# 721: What is the dark red button for?



## Randy_B (Apr 23, 2002)

Has anyone heard what the dark red button on the 721 remote will eventually be for? I know the Dish Home button is next to it.


----------



## Greg Haynes (Jul 11, 2002)

I believe its to access the internet.


----------



## Bill D (May 11, 2002)

> _Originally posted by Greg Haynes _
> *I believe its to access the internet. *


Damn it doesn't access the internet on mine :lol:


----------



## Jacob S (Apr 14, 2002)

or maybe for an interactive button as well. who knows when we will get internet access on the 721.


----------



## Crazy 1 (Oct 21, 2002)

It's an eject button :lol:


----------



## BobMurdoch (Apr 24, 2002)

It will dial out over the internet and order you a pizza. That's why it is the color of tomato sauce.

Jeez, I need a vacation.


----------



## Bill R (Dec 20, 2002)

> _Originally posted by BobMurdoch _
> *It will dial out over the internet and order you a pizza. That's why it is the color of tomato sauce.*


Bob,

I know that was a joke but my local cable company has something like that set up on their digital cable boxes. You go to a menu where you can order pizza and other food items from a local pizza chain by just clicking a button on the remote. Delivery takes 20-30 minutes.


----------



## djlong (Jul 8, 2002)

The red one? Don't EVER push the RED one!!
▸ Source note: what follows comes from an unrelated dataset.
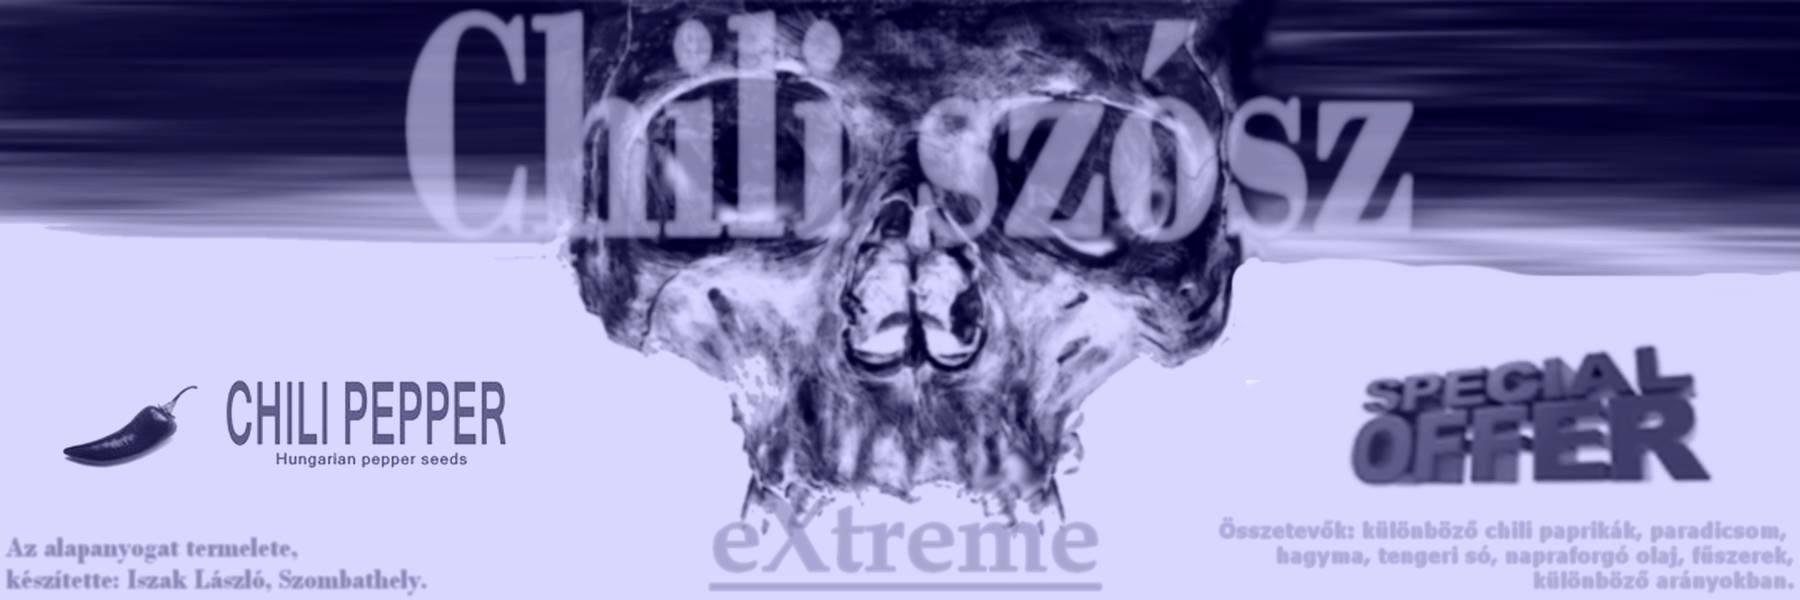 chili_sauce_extreme.jpg

....but if you do, for a nominal fee, we can seel you this *blue* button, to get you down 

[I just COULDN'T resist!]


----------



## Bill D (May 11, 2002)

From austin powers..
Uhh there's a button, I pushed all the buttons


----------



## sampatterson (Aug 27, 2002)

I thought it was to switch between directv and dish if the merger had gone through


----------



## Richard King (Mar 25, 2002)

Did you ever see the movie "The Fifth Element"? Be careful of that red button.


----------



## BobMurdoch (Apr 24, 2002)

BOOM!

Hee Hee. Great Movie. PLUS you get Milla Jovavich in a top made out of a few pieces of swiss cheese in one scene, and a few strips of cloth in another.


----------



## Guest (Feb 18, 2003)

I was thinking of the matrix. Push the red button and see how far the rabbit hole goes! Push the blue button and return to never never land...


----------



## Bill D (May 11, 2002)

I think they should download to the hardrive the clip from spaceballs, that says, the ship will self destruct in 10 seconds..
and then everytime we hit the button, instant comedy..


----------



## DarrellP (Apr 24, 2002)

Men In Black-Whatever you do, don't push the Red Button.


----------



## TomCat (Aug 31, 2002)

Whenever you push the red button every other 721 in the universe pixellates for just a second, while yours stops pixellating for just a second. It increases the bitstream to your 721 at the expense of everyone else's.


----------



## raj2001 (Nov 2, 2002)

The big red button turns it into a TiVo. (or was that the big BLACK button?)


----------



## Cyclone (Jul 1, 2002)

Can Stimpy resist pressing the Red Candy Like Button?


----------